We ablate core architectural and training choices. Our baseline uses a black anchor background, token concatenation through self-attention, and monocular videos without augmentations.
Qualitative ablation on a complex scene with moving smoke and colored lighting. The Synthetic Data Only model fails to capture dynamic smoke, snapping to rigid plausible content instead. The Cross-Attention variant loses fine source detail (notice the saxophone texture) and struggles to align with the anchor when geometry deviates. Our full model faithfully tracks the anchor's new camera path while preserving high-fidelity textures and the complex dynamics of the original footage.
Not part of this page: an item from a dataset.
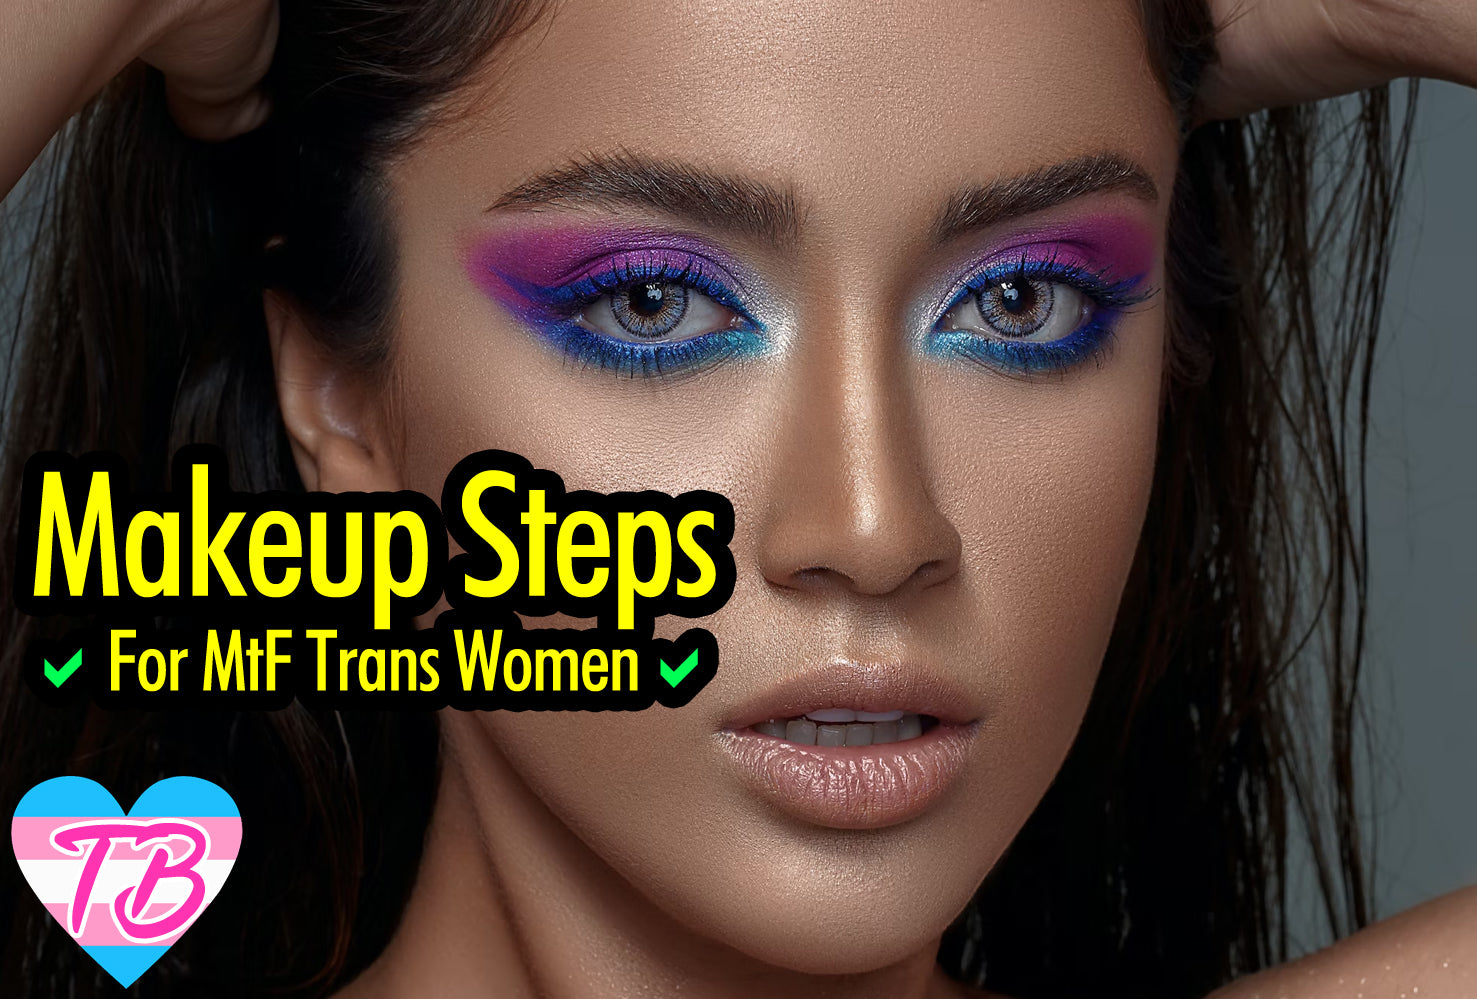 1 MtF Fashion, Style, Beauty & Transition Blog for Transgender
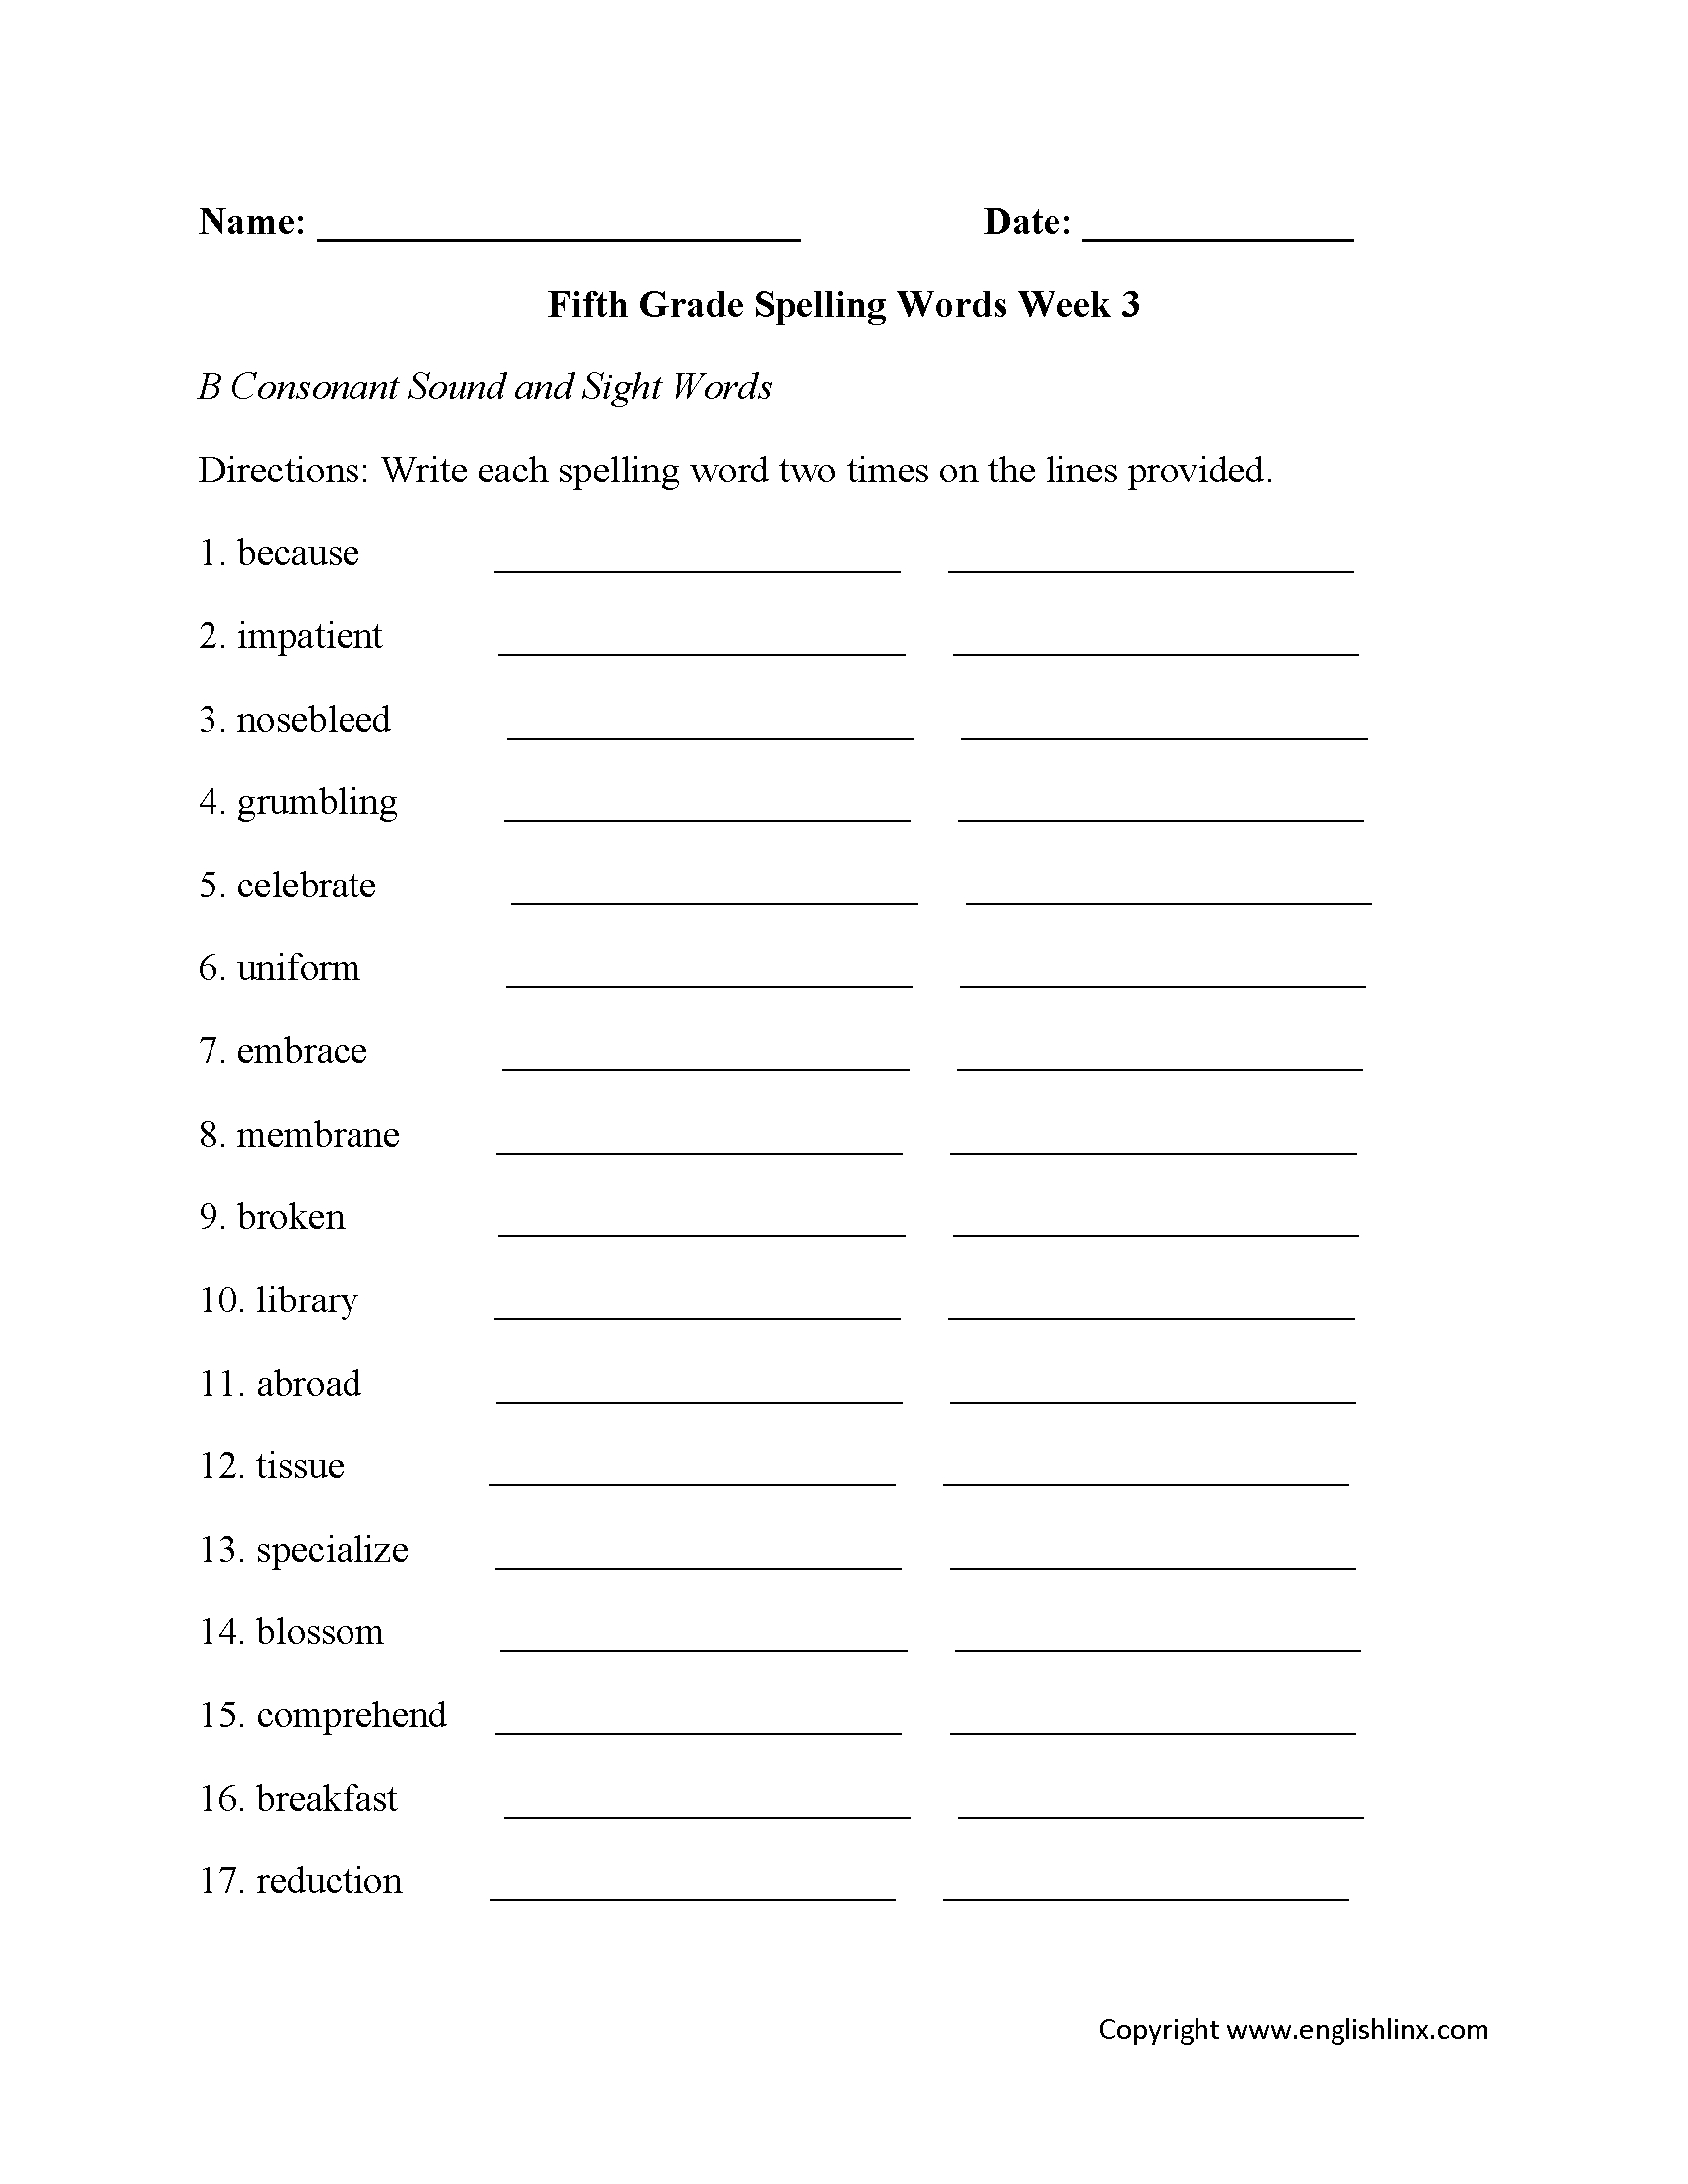 Spelling Worksheets  Fifth Grade Spelling Worksheets

@InProceedings{paliwal2026reshoot,
author = {Paliwal, Avinash and Iyer, Adithya and Yadav, Shivin and Afridi, Muhammad and Harikumar, Midhun},
title = {Reshoot-Anything: A Self-Supervised Model for In-the-Wild Video Reshooting},
booktitle = {Proceedings of the IEEE/CVF Conference on Computer Vision and Pattern Recognition (CVPR) Workshops},
month = {June},
year = {2026},
pages = {11596-11606}
}
We thank Jaynti Kanani and the rest of the Morphic team for compute resources and support, and Dharmesh Kakadia and Isaac Wang for reviewing the paper.